I have thought of an intervention before. And I certainly am concerned with the patient care side of things. But there is so much more background than I am able to post here. But to make the story even more complicated, he was pre-med when he was just out of high school. I mean this guy was and still is pretty intelligent. And he can make himself, in a sober state, come off as the most professional person around. But long story short, he flunked out of school at 18 due to a drug problem, spent some time in rehab and came out not 100% cured, but not what you would consider a problem either. He has always drank more than I liked, but the current problem is new. He has always been able to hold down a job and like I said, no one but his family knows what is going on. I am pretty sure he either is not getting high at work or not getting to the point of oblivion that he gets to when at home. In fact, I know he is not doing it that way at work. I mean, at home he can't stay awake for longer than ten minutes at a time. I believe it's called "being on the nod". The co workers would definitely notice if he was asleep, I'm sure. So this is something he has battled for along time and I thought he was okay, but here it is twenty years later and it has reared it's ugly head again. I know some say to leave him. And he is not currently living in the house, but he is my husband, I do love him because he is my best friend and I do see it as a disease. If this marriage ends, it will be because he chose a lifestyle that I do not want for myself or my children. I do not feel an intervention is the wrong thing to do at all. I just know how he feels about counselors or therapist and as he has said before, "I can talk that crap all day". He is very good at knowing what people want to hear. An intervention will only work if he is ready to accept help and I think we might be close.

don't know what you've done/not done, but maybe check out the Mayo Clinic's website about interventions. They have some pretty decent information.

http://www.mayoclinic.com/health/intervention/MH00127

And keep in mind, unless your kids are toddlers or younger, they kinda do know what's going on.

For what it's worth, my prayers for you and your family.

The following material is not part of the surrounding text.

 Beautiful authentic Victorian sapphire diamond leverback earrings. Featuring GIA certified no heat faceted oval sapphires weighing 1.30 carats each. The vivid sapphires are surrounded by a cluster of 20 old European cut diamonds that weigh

Specializes in LTC, MDS, Education.

NADANOW..... OP is going through some tough times and seems to me you are accusing her and blaming her. I know you are entitled to your opinions, but try to be a little supportive, how about it?

Specializes in Med-Surg.
NADANOW..... OP is going through some tough times and seems to me you are accusing her and blaming her. I know you are entitled to your opinions, but try to be a little supportive, how about it?

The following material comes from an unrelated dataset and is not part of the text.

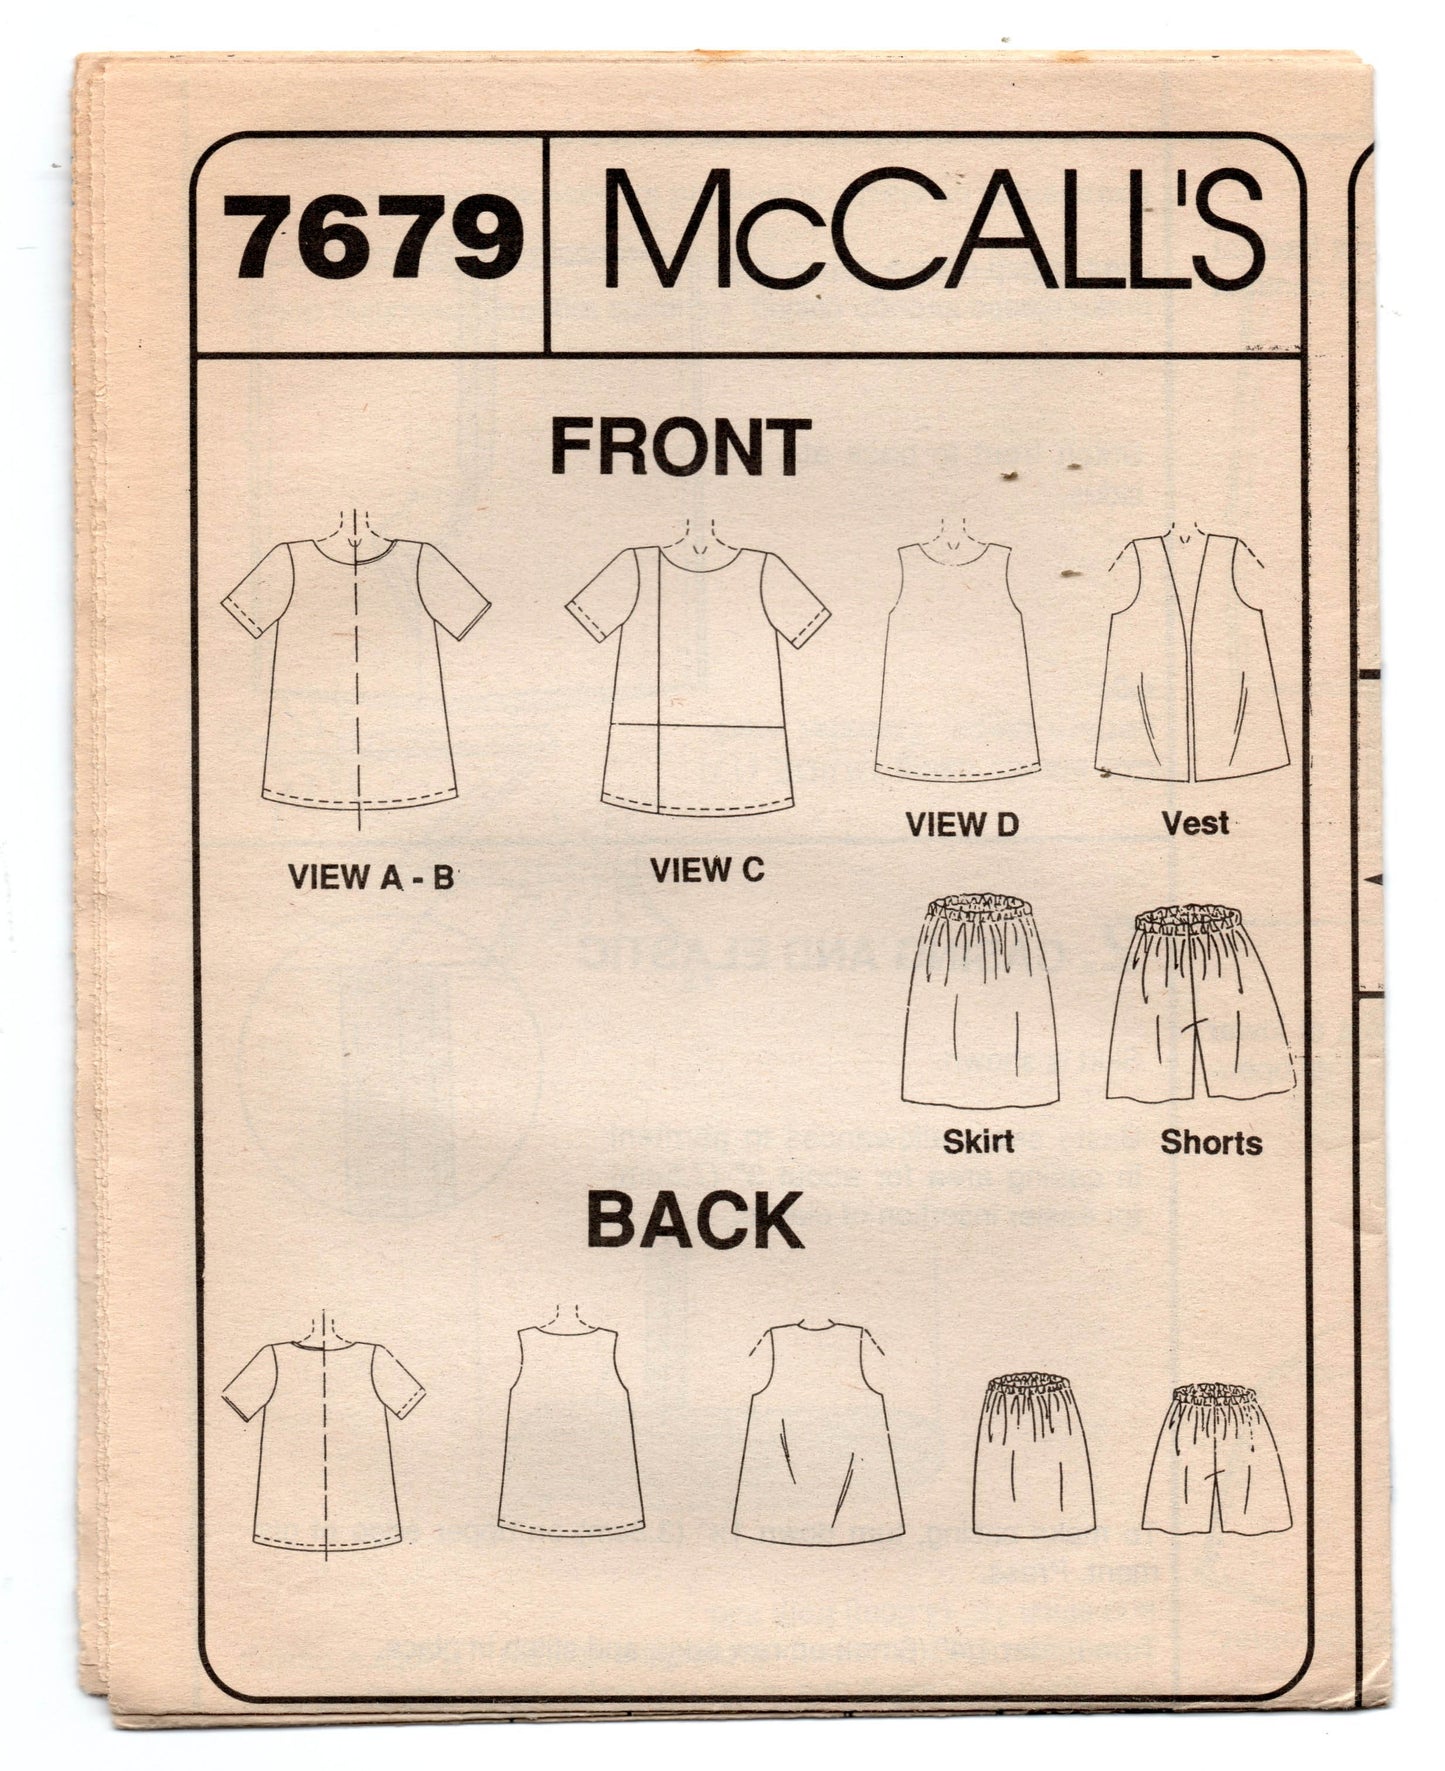 McCall's 7679 Womens Maternity Vest Top Skirt & Shorts 1980s Vintage Sewing Pattern Size 8 - 12 UNCUT Factory Folded

Sometimes the best approach isn't to sugar coat it and just whoop someone upside the head "your man is a thief, an addict and a liar.......get help now". It doesn't sound like blaming the victum, and it may not sound "supportive", but it beats "you poor dear, let me pat your hand and give you some sympathy and prayers".

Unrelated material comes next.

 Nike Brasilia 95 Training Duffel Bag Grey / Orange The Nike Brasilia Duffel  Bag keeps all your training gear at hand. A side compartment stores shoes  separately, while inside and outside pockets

Perhaps there's a middle ground somewhere in approaches.

Just my two cents.

Okay, well I have certainly received more advice than I expected. For those of you that think I am "supporting" or "enabling" him, you are wrong. I do plan on intervening when I know exactly how and when to do it, which is why I turned to this forum for some inside information. I really did not mean to start any bickering over the subject. I am not some kind of moron that doesn't understand what he is doing with that "legit" prescription or what he is really using it for. Which, if you read my posts you would know that I was mearly making a point to clarify to some of you as to HOW he is passing his drug tests. He is being tested for certain classifications of drugs, not specific drugs, which I am sure most of you know the drill. Anyhow, thanks for all your help! I know more about substance abuse than I ever had the desire to and I feel that I better know what I can do. THANKS!

Specializes in Med-Surg.

Sounds like a good time to close the thread. Best of luck to you.